Что «на светлой стороне»? Это было подробное разъяснение с цифрами, аргументами, с некой попыткой обозначить некоторые возражения и ответить на них. Что мне понравилось, было упоминание демографических резонов. Мы с вами тут много занимались политической демографией: это одна из моих любимых тем. Там это тоже было сказано. Меня порадовало то, что всё-таки прозвучало, что демографическая яма 90-х является последствием людских потерь, понесённых во Второй мировой войне. Хотя потом спикер всё равно не удержался и сказал, что в 90-е было всё ещё ужаснее.

Демографическая яма 90-х — не следствие того ужасного, что происходило в 90-е! Это повторяющаяся впадина. Это, действительно, наши убытки первой половины XX века. Мы их в обозримом будущем не закроем.

Итак, вот этот тон сочувствия, эти слова, что «да, мне тоже это всё не нравится, но что делать?», вот эта неизбежность в интонации, что «да, мы не хотим, но мы должны, потому что это ответственное решение, мы должны его принимать, не можем не принять».

В какой степени этот тон, сам факт обращения плюс те меры, которые там были анонсированы, — а это, в общем, вполне существенные смягчения параметров реформы — есть подозрения, что, например, возраст выхода на пенсию женщин в 63 года специально был такой кривенький поставлен, чтобы потом его снизить до красивых 60. Неважно.

Есть некоторый набор мер, который может понравиться электорату. Насколько это повлияет на состояние общественного мнения? Всякие нервические замеряния президентского рейтинга сразу после выступления не дают существенной динамики ни в ту, ни в другую сторону. Есть представление, то мы можем выйти на некоторое плато, то есть падение может быть приостановлено или заторможено. Насчет обратного роста — сомневаемся пока.

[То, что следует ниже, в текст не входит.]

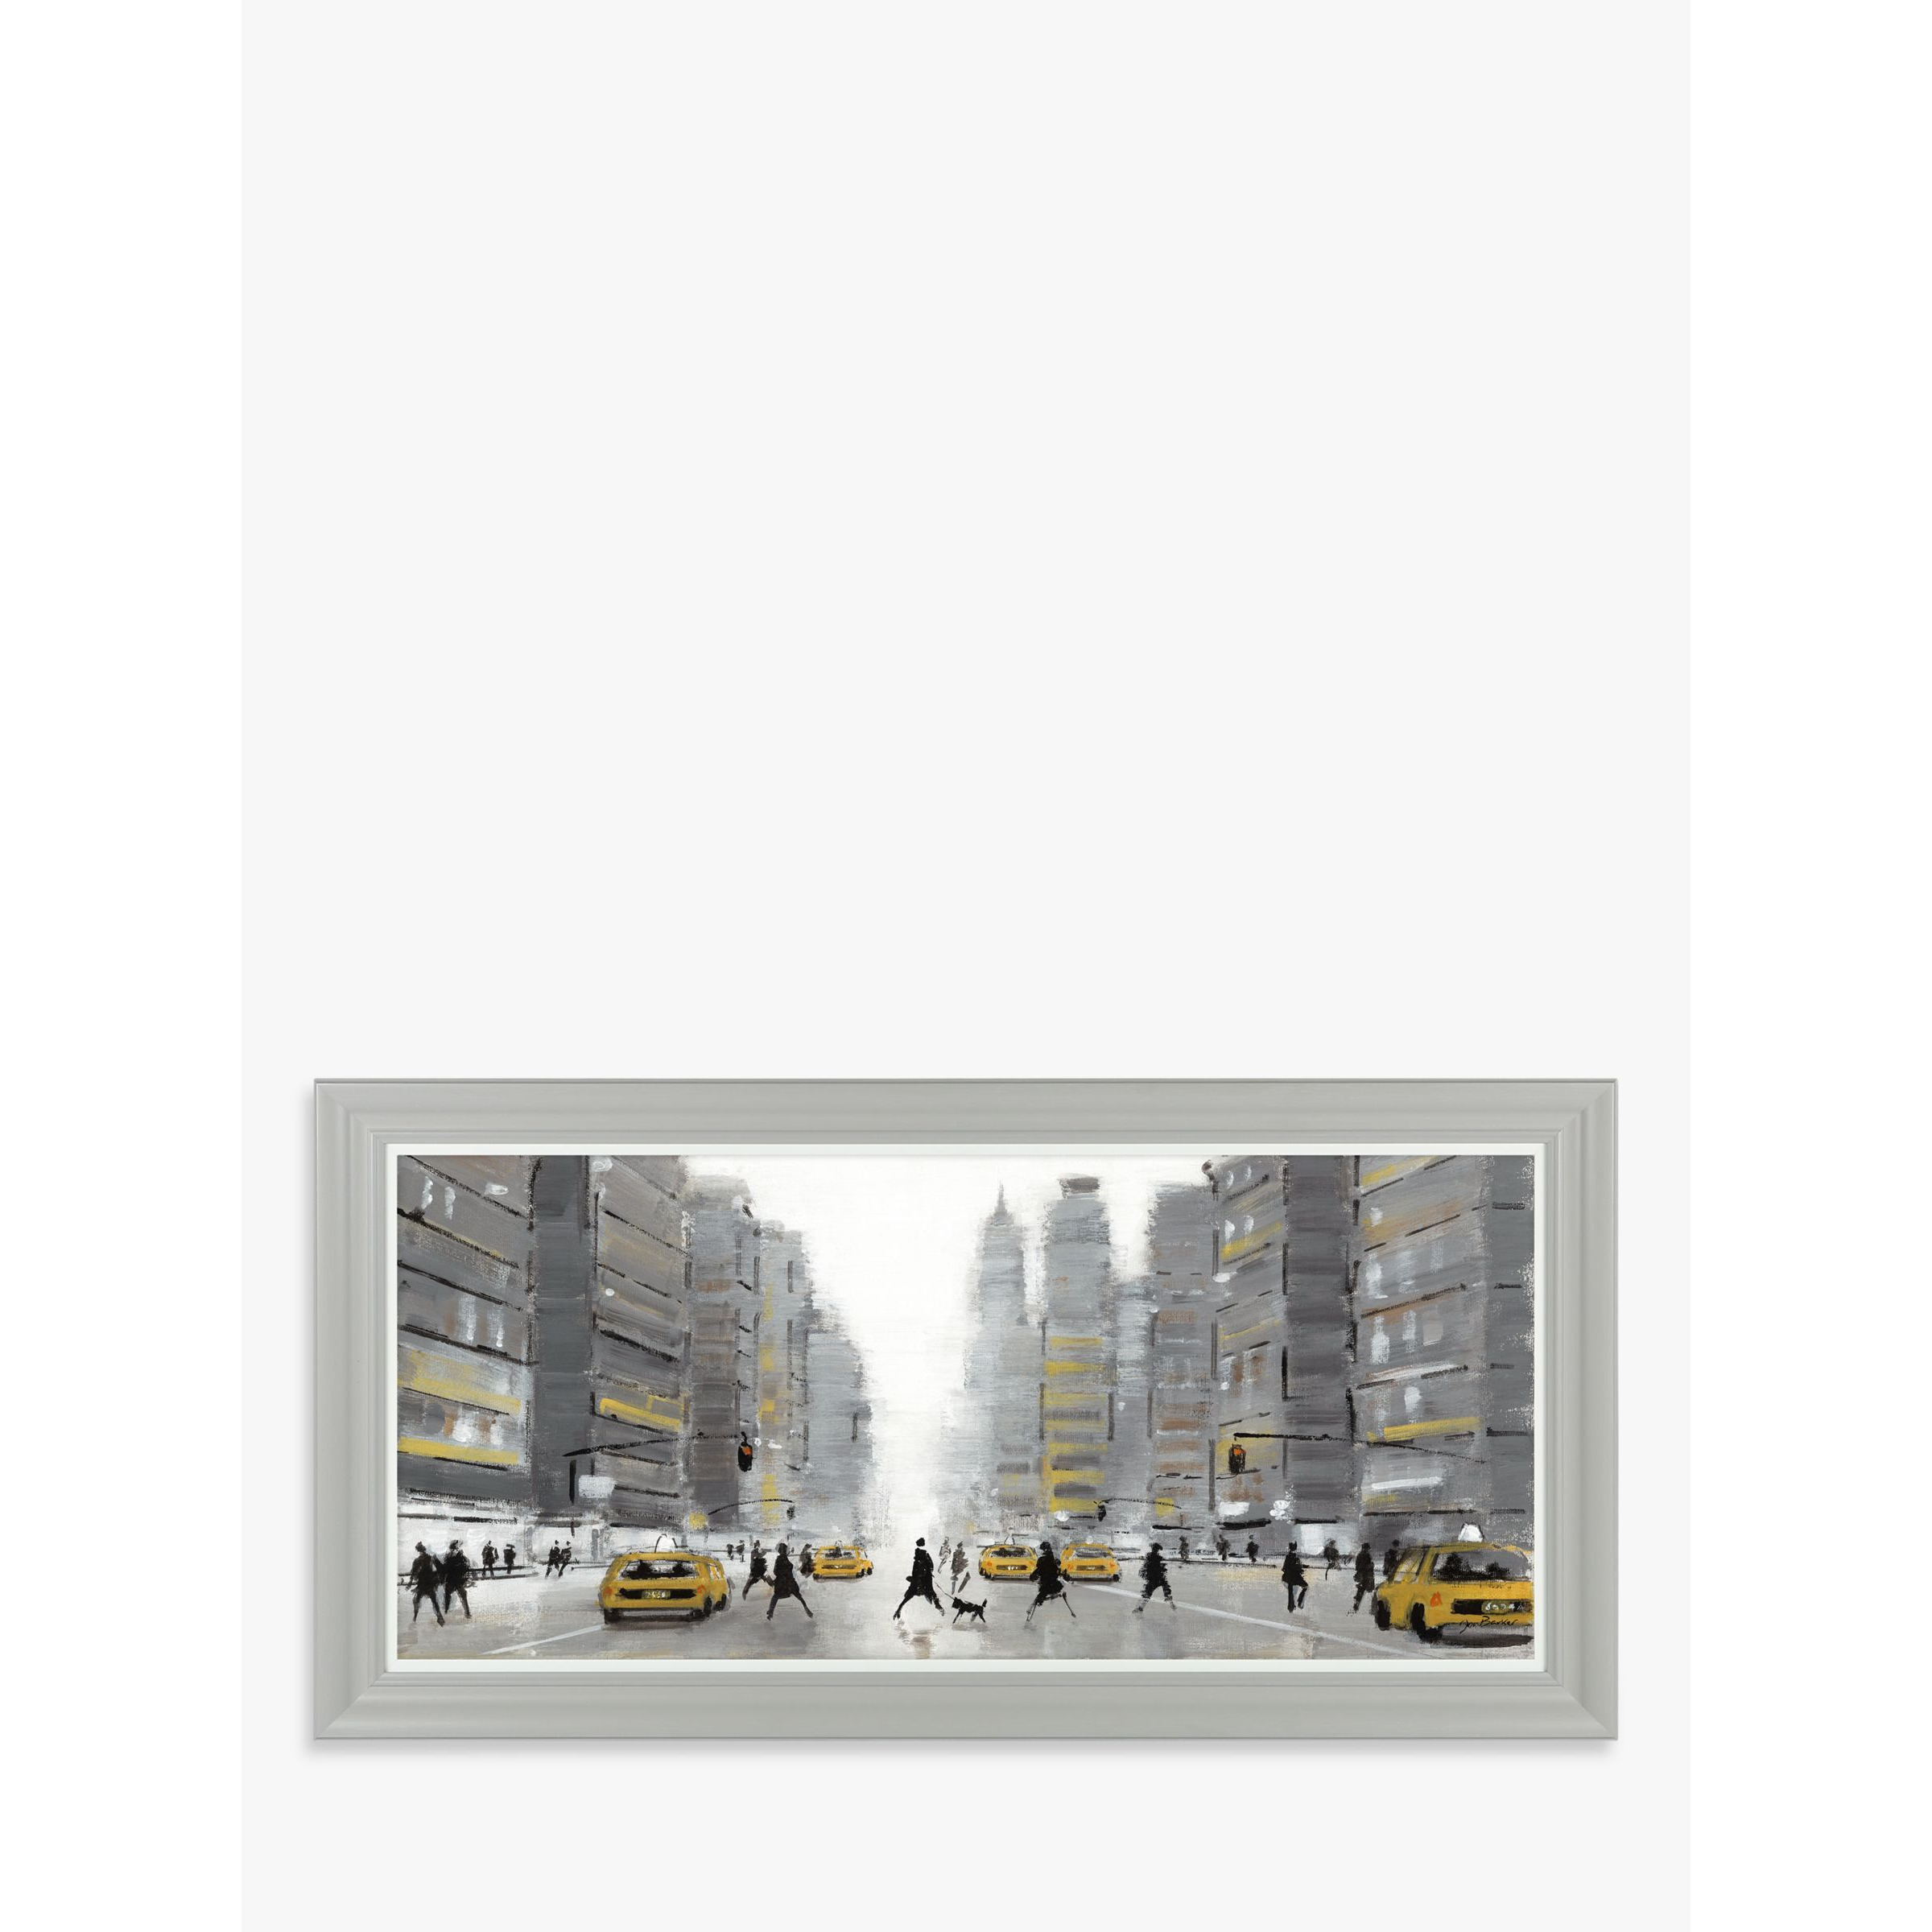 Jon Barker - New York Crossing Framed Print & Mount, 56 x 115cm, Grey/Multi - image 1
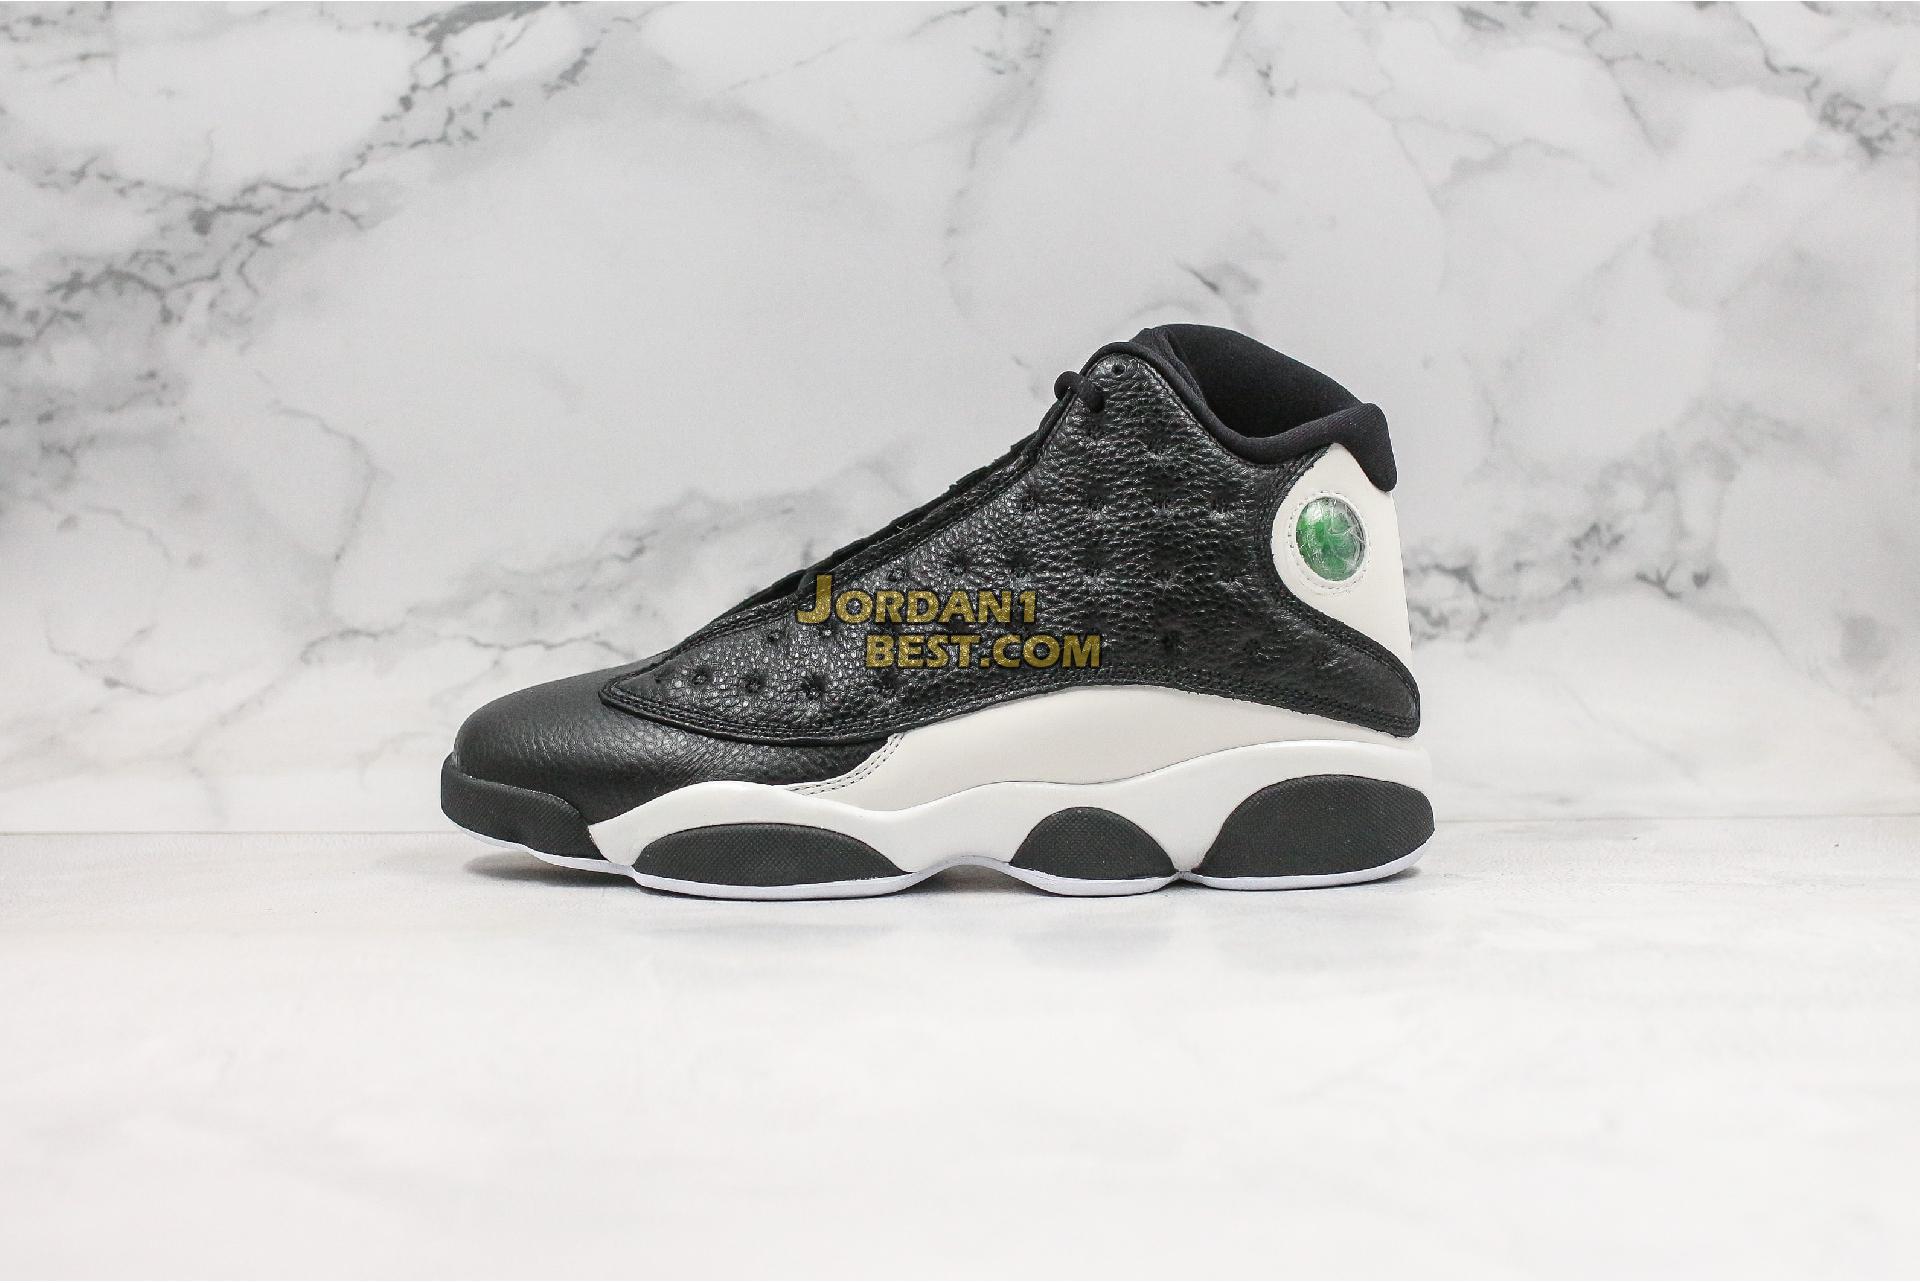 Air Jordan 13 best replica sneakers fake shoes buy

Майкл Наки: Можно глупый вопрос?

Екатерина Шульман: Нет ничего лучше глупых вопросов.

Майкл Наки: Не даёт покоя. Как вам кажется — или вам никак не кажется, потому что вы эксперт и не делаете таких предположений — вот это телеобращение, вообще, этот жанр, когда раскручивался маховик пенсионной реформы, это было одним из вариантов? Или основным вариантом? Или это по ходу пьесы так получилось, и пришлось так делать? Для меня это было исключительное событие. Но я просто ещё достаточно молод.

Екатерина Шульман: Знаете, я как бывший госслужащий не слишком верю в долгосрочное планирование со стороны государственных органов. Вот не верю я. Их горизонт планирования обычно невелик. Поэтому предположить, что есть некий сценарий, по которому день за днём нужно было действовать... это трудно себе представить. Естественно, что выдвигается некая идея, принимается какая-то мера, вносится законопроект, а дальше смотрится общественная реакция. Тут общественная реакция стала настолько неожиданно резкой, что было решено действовать такими чрезвычайными инструментами. («Крутые времена требуют крутых решений, как в мультике «Аладдин»). Посмотрим, на что это повлияет. Следим, конечно, за сюжетом, следим за ходом второго чтения, следим за поправками. Судя по всему, действительно, те поправки, о которых президент говорил, будут внесены от его имени.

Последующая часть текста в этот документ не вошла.